China Securities: Profitability in VC and EC Segments Expected to Improve, Focus on High-Beta Stocks

Stock News03-30

Prices for solvents and additives declined in January and February. Recent geopolitical tensions in the Middle East have driven up energy costs, subsequently increasing the prices of solvents produced via the petrochemical route. Cost increases for EC and EMC have largely been passed through to downstream customers. For DMC produced via the propylene oxide (PO) method, profitability has actually improved due to rising prices of the co-product, propylene glycol. In the short term, profitability for VC and FEC has seen a slight decrease.

Based on supply and demand dynamics, China Securities believes the EC and VC segments will be in a tight balance by 2026. With the peak season approaching, profitability for VC and EC is expected to improve further. Meanwhile, companies producing DMC via the PO method are likely to achieve excess profits due to the price increase of co-product propylene glycol. The key points from the analysis are as follows.

Combining supply and demand factors, the firm anticipates the EC and VC segments will be in a tight balance in 2026. The arrival of the peak season is expected to further enhance the profitability of VC and EC.

On the demand side, a new cycle for lithium batteries is becoming increasingly clear, and demand from the energy storage sector is materializing. Global demand for lithium batteries is projected to reach 3,065 GWh in 2026, a year-on-year increase of 34%, driving rapid growth in electrolyte demand. In the medium term, overall lithium battery demand is expected to maintain a compound annual growth rate of 19-20% through 2030.

On the supply side, for solvents, effective supply of EC, DMC, and EMC in 2026 is forecast at 930,000 tons, 1.29 million tons, and 1.34 million tons, respectively, corresponding to supply-demand ratios of approximately 106%, 127%, and 162%. For additives, effective supply of VC and FEC in 2026 is estimated at approximately 110,000 tons and 50,000 tons, respectively, with supply-demand ratios of about 107% and 118%.
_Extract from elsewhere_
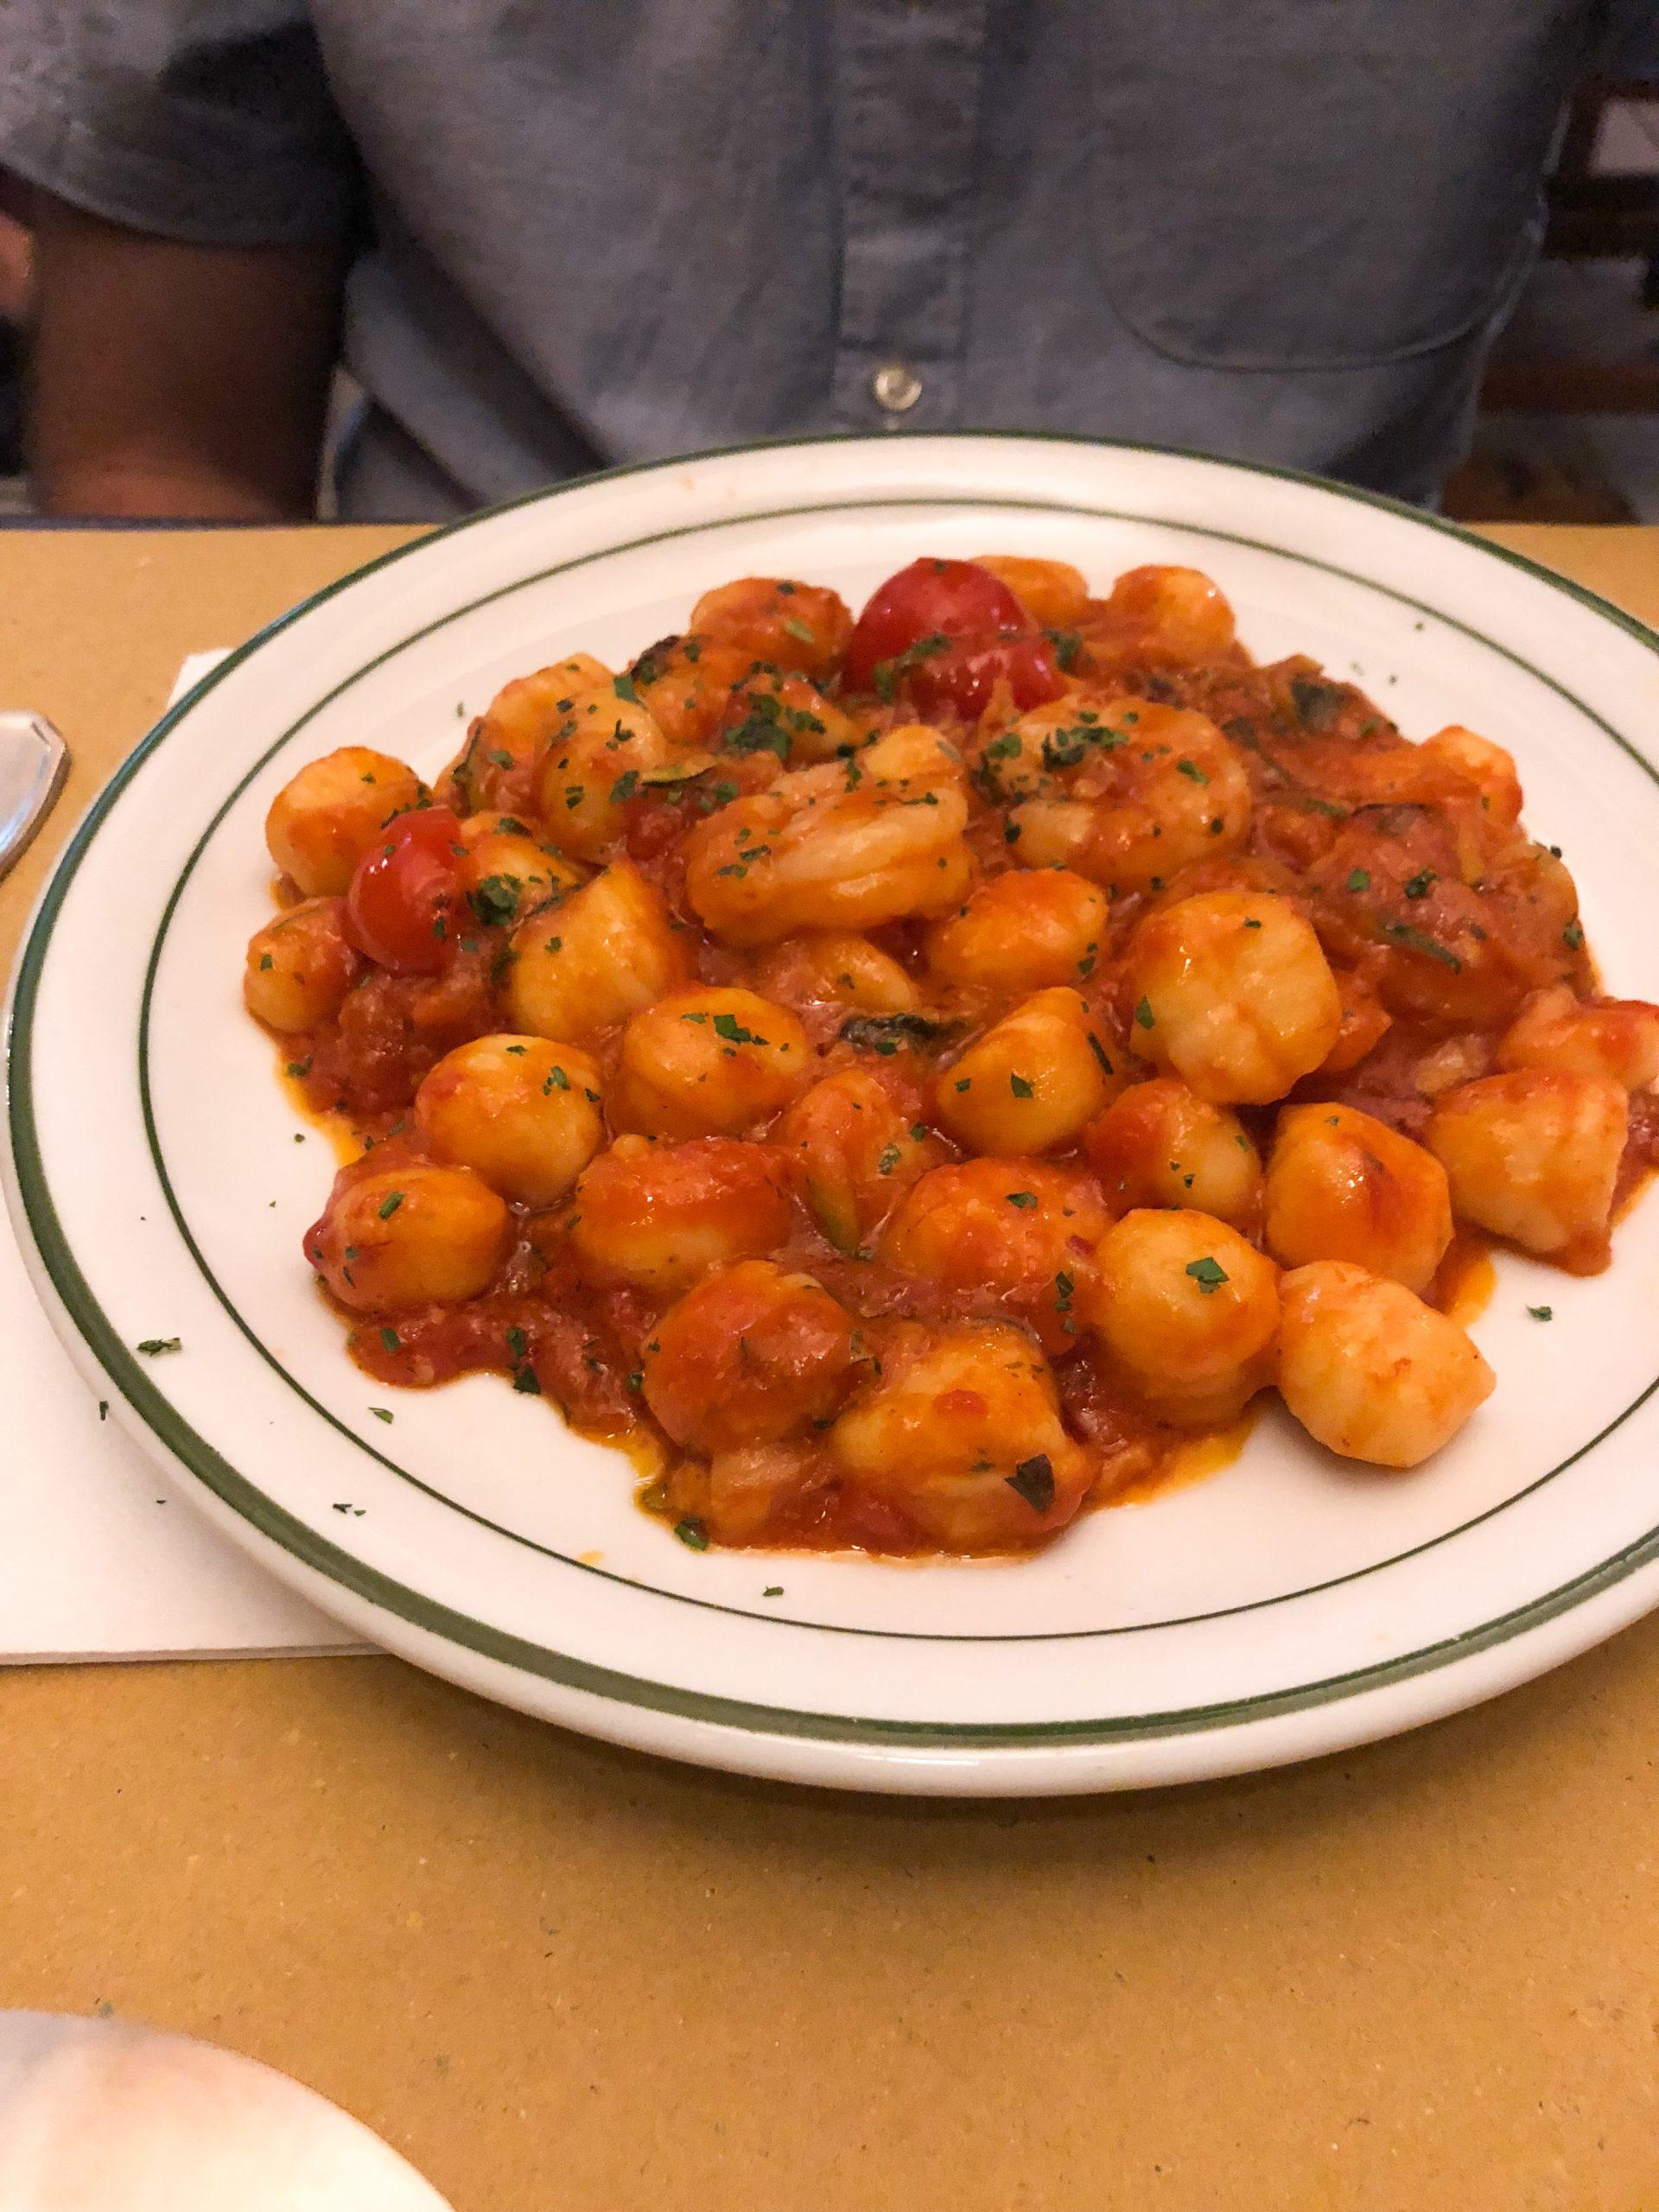 shrimp with gnocchi at Osteria del Cinghiale Bianco

Fundamentally, demand recovery coupled with rising energy costs is pushing solvent prices higher. A surge in energy storage demand in Q4 2025 drove up prices for solvents and additives, with EC rising by nearly 2,000 yuan per ton (a 41% increase) and VC prices increasing by 120,000 yuan per ton (a 218% surge). Prices for solvents and additives retreated in January and February 2026 due to seasonal weakness and the impact of industry inventory buildup following the price spike in December. Since March, ongoing geopolitical tensions in the Middle East have caused energy prices to climb steadily, leading to price increases for solvent products derived from the petrochemical route. Specifically, the price of EC has risen from a low of 5,800 yuan per ton in early March to 7,600 yuan per ton, a gain of 31%.

Regarding profitability, cost increases for EC and EMC have been largely passed downstream. Profitability for DMC produced via the PO route has improved significantly, while additive profitability has decreased slightly in the short term.
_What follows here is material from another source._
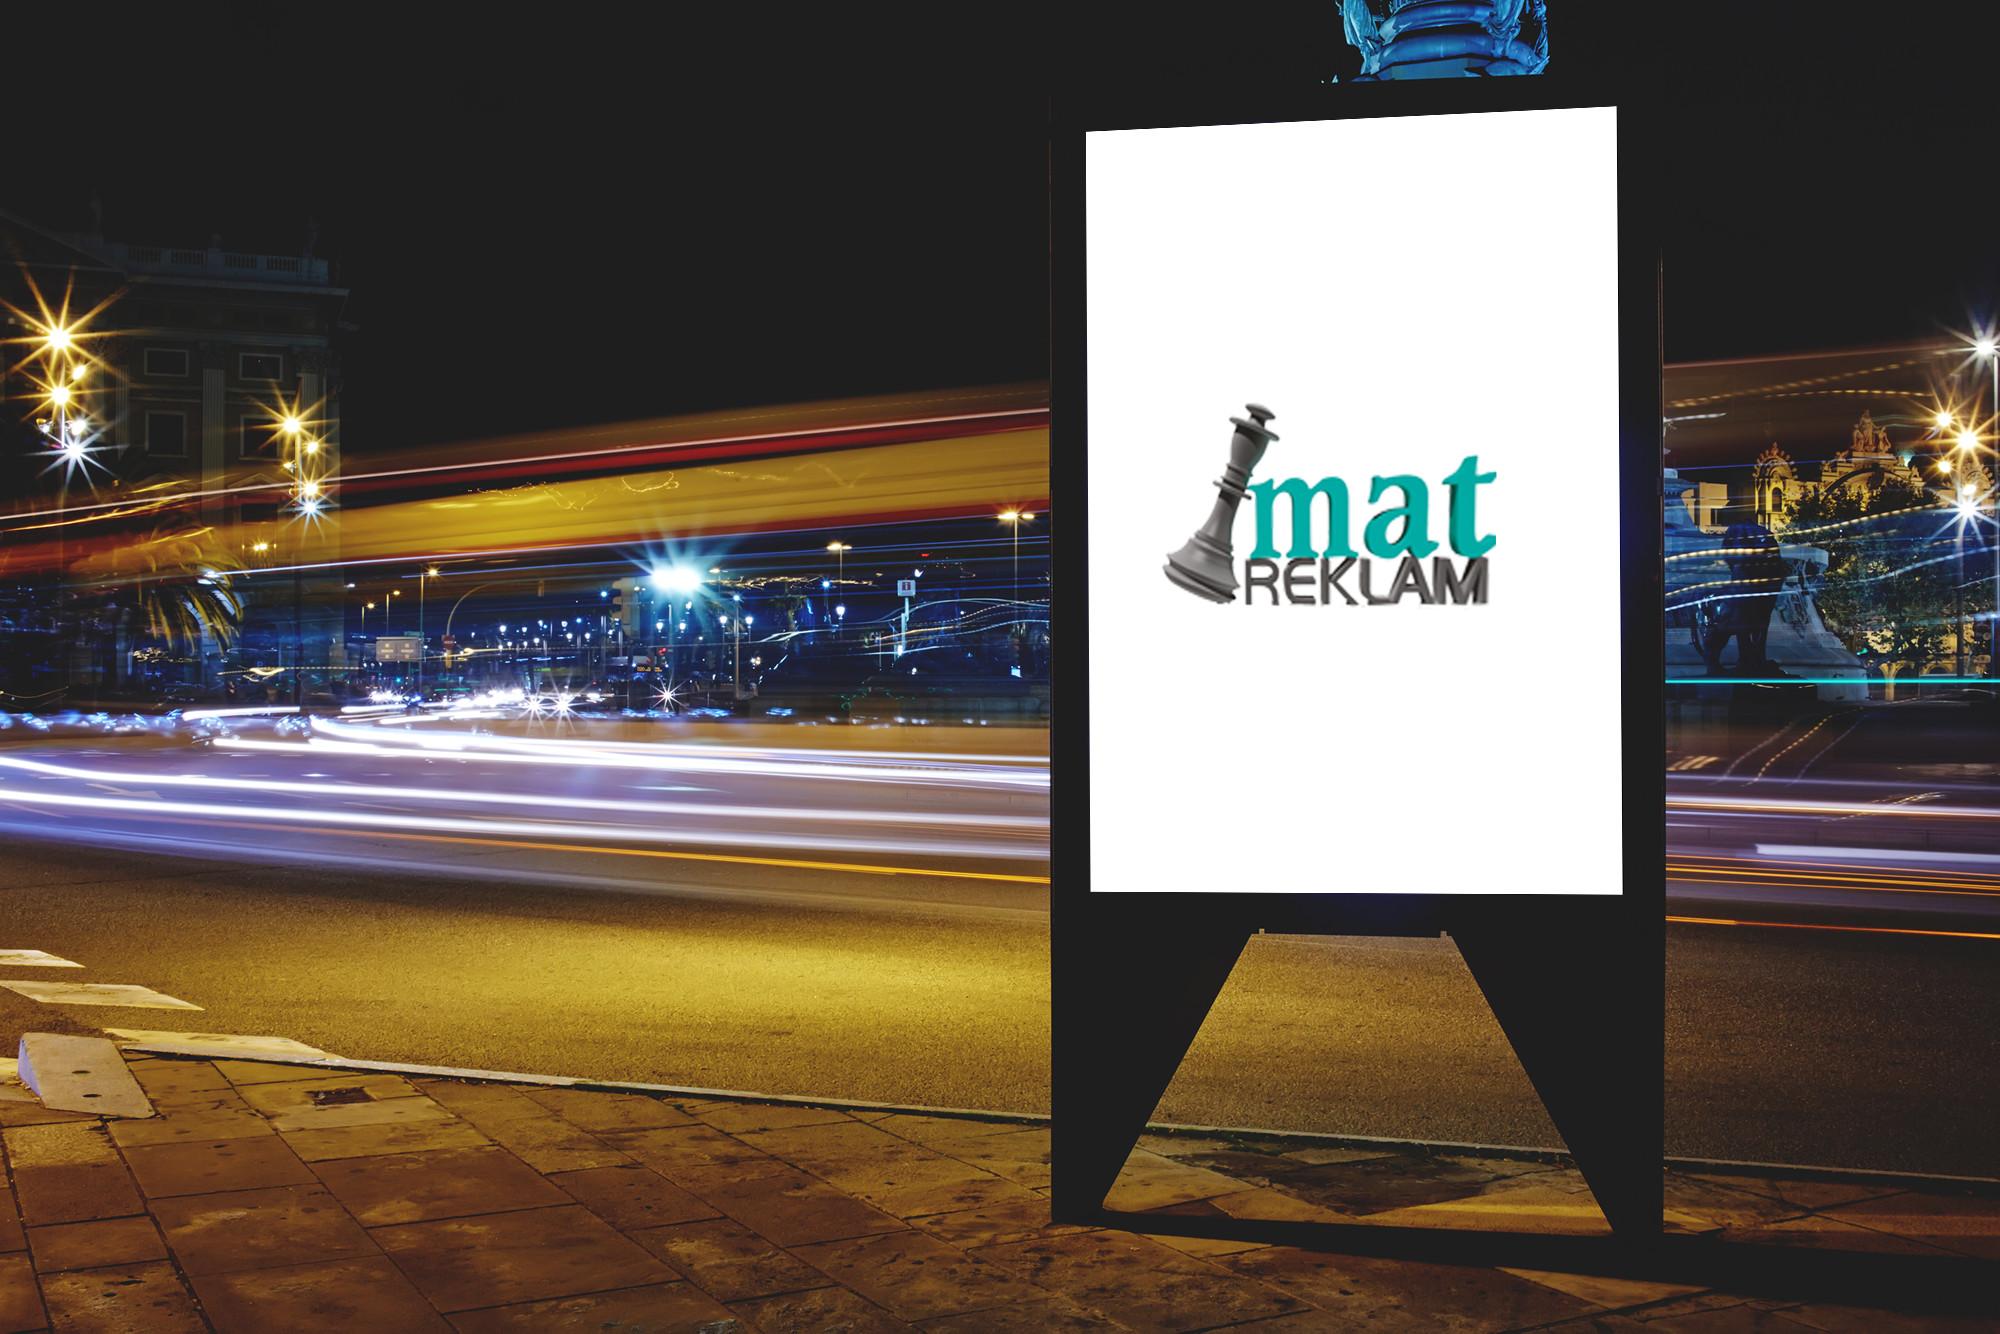 mat reklam yol billboard - branda - reklam - izmir bornova

1) EC: Costs have been mostly passed through. Producing one ton of EC consumes 0.52 tons of ethylene oxide. A 1,000 yuan increase in the price of ethylene oxide raises the production cost of EC by 520 yuan. The firm calculates the current post-tax net profit per ton is approximately 855 yuan, remaining largely unchanged from early March. 2) DMC: Profitability for the PO method has improved markedly, while the ethylene oxide (EO) method has seen a slight decline. a) PO Method: Core raw materials are propylene oxide and methanol, with propylene glycol as a co-product. The current estimated post-tax net profit per ton of DMC produced via the PO method is approximately 940 yuan, an increase of 700 yuan per ton compared to early March (primarily due to a 4,900 yuan per ton rise in propylene glycol prices). b) EO Method: Core raw materials are ethylene oxide and methanol, with ethylene glycol as a co-product. The current estimated post-tax net profit per ton of DMC produced via the EO method is approximately 425 yuan, showing a slight decrease from early March. 3) EMC: Costs have been largely passed through. The main raw materials for EMC are DMC and ethanol. The current estimated post-tax net profit per ton of EMC is approximately 200 yuan, remaining stable compared to early March. 4) VC: Profitability has decreased due to rising EC prices. Core raw materials are EC, triethylamine, and DMC. The current estimated post-tax net profit per ton of VC is approximately 62,000 yuan. 5) FEC: Profitability has decreased due to rising EC prices. Core raw materials are EC and potassium fluoride. The current estimated post-tax net profit per ton of FEC is approximately 18,000 yuan.

With lithium battery demand gradually recovering and both the EC and VC segments expected to remain in a tight balance throughout the year, the firm believes profitability in these areas is poised to increase. Additionally, producers of DMC using the PO method are positioned to capture excess profits driven by the price appreciation of the co-product, propylene glycol.